In the traditional Jewish view, God has freely entered into a covenant relationship with the Jewish people which is binding on all parties and which stipulates certain kinds of behavior to be exhibited by the covenanted nation. Its performance of these acts constitutes the fulfillment of its obligation as a covenant partner. The prophetic denunciation of the people is not that they are “merely” performing the required actions without the appropriate inner attitudes, but rather that they are performing only a part of their obligations and not all of them. God wants acts of loving-kindness, righteousness and justice, not just punctilious ritual behavior. The covenant obligations must be fulfilled in their entirety, not selectively.

It is through the laws given by God in the Torah, later interpreted and extended in the Oral Torah and Halakhah, that the Jew establishes and fulfills his or her relationship to God through the covenant. Thus it is true that Jews see their relation to God (as well as God’s relationship to them) in legal terms. This sense of being a legally constituted partner in the enterprise of human history is an essential ingredient in the Jewish self-concept. That partnership, however, while in a certain sense contracted with each individual Jew, is ultimately mediated through the Jewish community. The individual’s fulfillment of obligations (mitzvot) contributes to the fulfillment of the covenant responsibilities of the people. Each Jew, as a member of the covenant people, shares in the responsibilities and the obligations but does not view his or her goal as personal salvation or redemption -- rather, the concepts of salvation and redemption are reserved, for the most part, for the covenant partner, the People of Israel. Concepts like life after death and resurrection, while present throughout Judaism, are finally peripheral because of their close connection with ideas of individual salvation and personal continuity. Overwhelmingly, the real hope is one of the continuity and salvation of the people.
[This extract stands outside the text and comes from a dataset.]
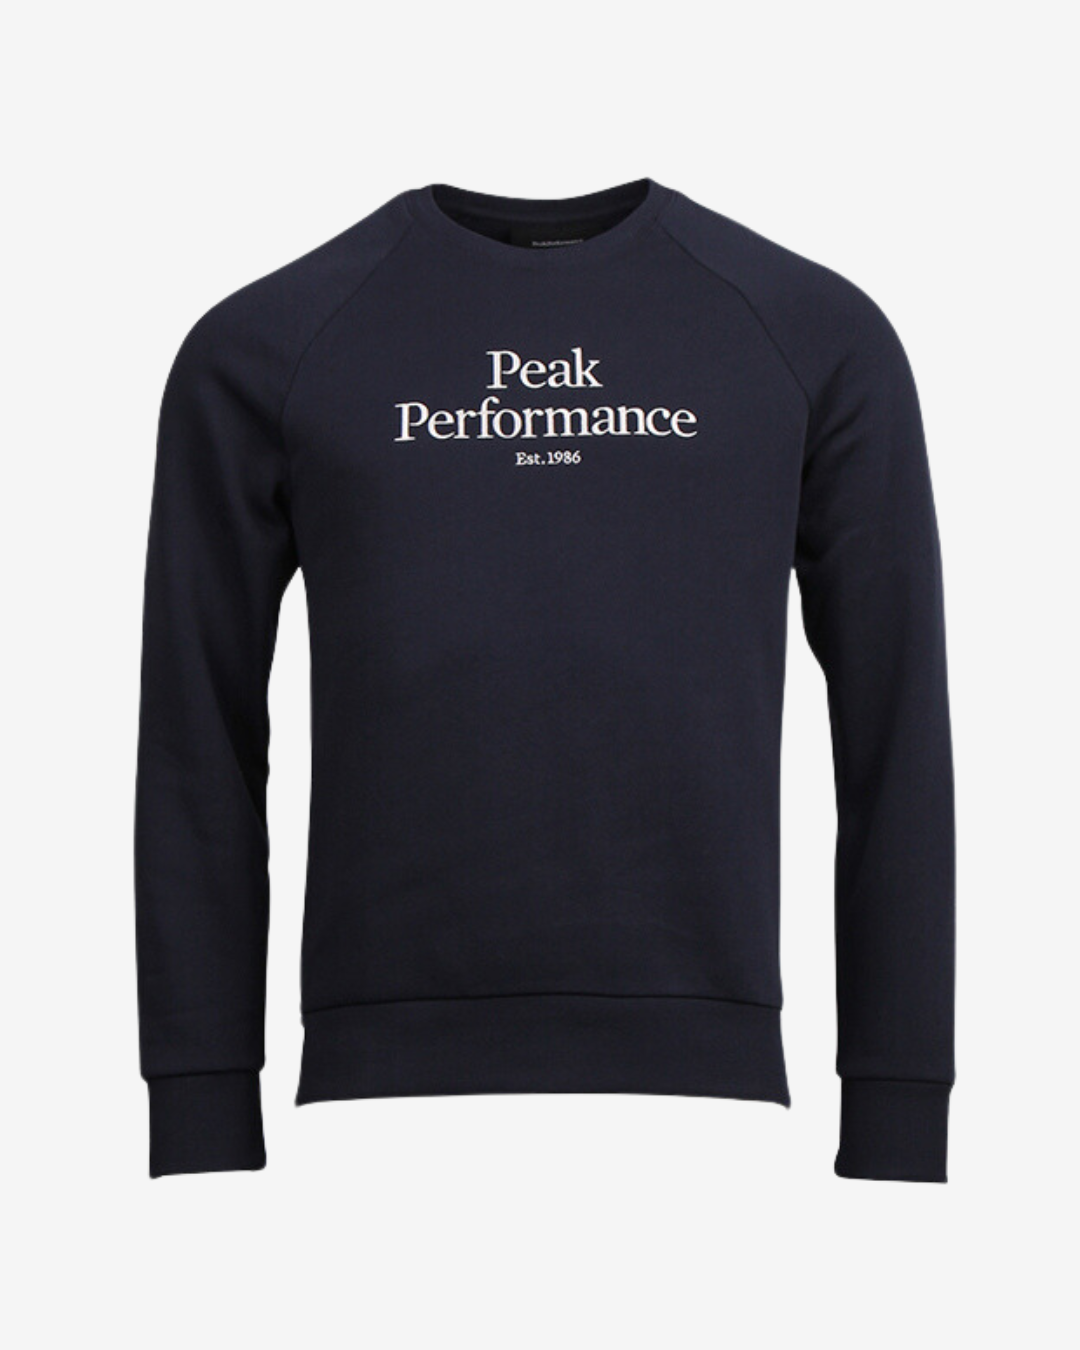 Se Peak Performance Original stor logo sweatshirt - Navy - Str. L - Modish.dk hos Modish.dk

We hope that we have successfully demonstrated that while law is indeed central to Judaism, its actual operation is significantly different than Protestants have assumed. Protestant critiques of Jewish law have been setting up straw men and knocking them down, with little attempt to engage the Jewish community as a true interlocutor. A compassionate understanding of Judaism (the prerequisite for any real partnership in conversation) certainly requires the revision of Protestant views of Jewish law, and may entail the rethinking of the religious role of law, or of concrete religious action in general. Consequently, implications for Protestant understandings of Roman Catholicism (and the ‘‘concreteness’’ of its ritual life) may also emerge. Protestantism’s resources for such rethinking are probably to be found within its liturgical and sacramental traditions, which stress historical continuity and the tangibility and gentle guidance of ritual forms.

Because we believe that our conclusions point beyond the issues at hand to implications and agendas for the future, we suggest that the richness of Judaism’s ‘‘sacramental” sensibilities, its wealth of ritual practices and its appreciation of religious action, may offer Protestantism some insights for resisting the divergent tendencies of American culture to encapsulate religion in feelings and inwardness on the one hand, or to package religion as for telemarketing (rationalizing even the inner life) on the other. But these are matters for further essays. Protestant Christology may profit from thinking through the implications of seeing Jesus as ‘‘Law made Flesh.’’ Contemporary re-evaluations of St. Paul, particularly those of Krister Stendahl (Paul Among Jews and Gentiles) and E. P. Sanders (Paul and Palestinian Judaism and Paul, the Law and the Jewish People), are valuable resources. We are convinced that correcting our ingrained preconceptions will allow Jews and Christians not only to talk to each other, but to understand what is said.